What monitoring catches
Automated upstream monitoring won't prevent cascading failures. Nothing will, short of eliminating external dependencies entirely. But it shrinks the time between "something is wrong" and "we know exactly what's wrong."
When you're monitoring the status of all your upstream dependencies, a cascade becomes obvious almost immediately. Instead of seeing "everything is broken" and starting a panicked investigation, you see "DNS provider is reporting an incident" and immediately understand why auth, payments, and email are all failing at the same time. Of course, that assumes the status page has actually been updated, which is why multi-source monitoring matters.
That understanding is worth 10 to 15 minutes of incident response time. And in a cascade, where every minute sees the blast radius expand, those minutes are the difference between a contained incident and a total platform outage.

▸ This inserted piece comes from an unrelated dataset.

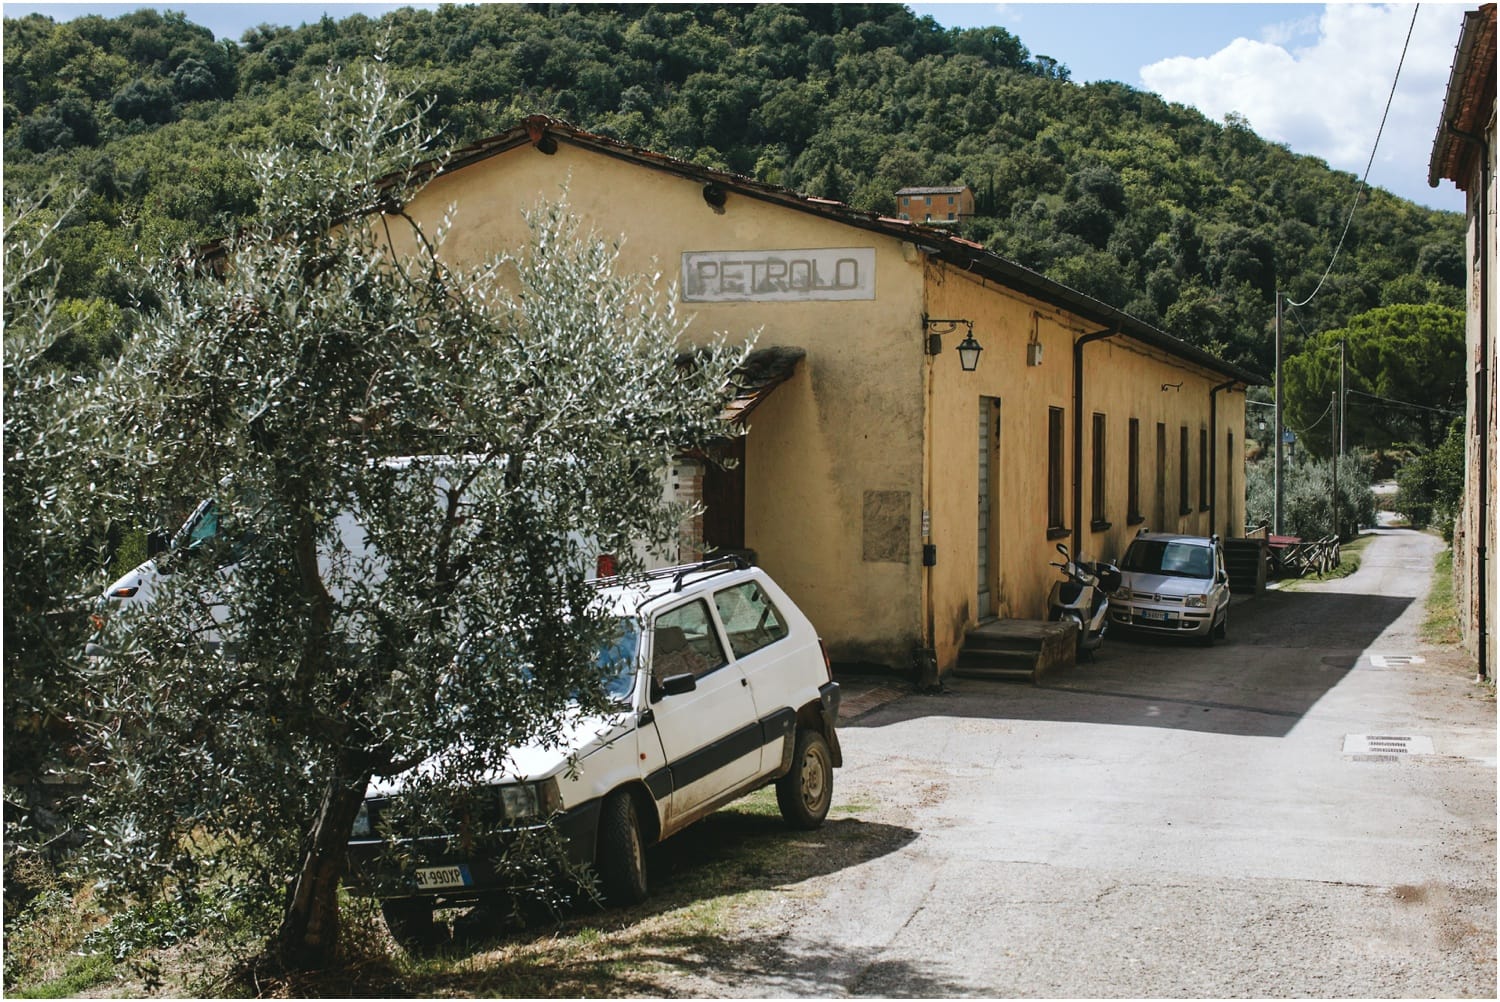 villa petrolo wedding Tuscany

The dependency graph is already in your codebase. Your package.json is a liability map, and your docker-compose.yml, your Terraform modules all contain implicit information about what your application needs to run. Making that implicit knowledge explicit, and monitoring it continuously, is the simplest form of cascade prevention.
You can't stop your DNS provider from having a bad day. But you can find out about it in seconds instead of minutes. And when the cascade starts, seconds are all you've got.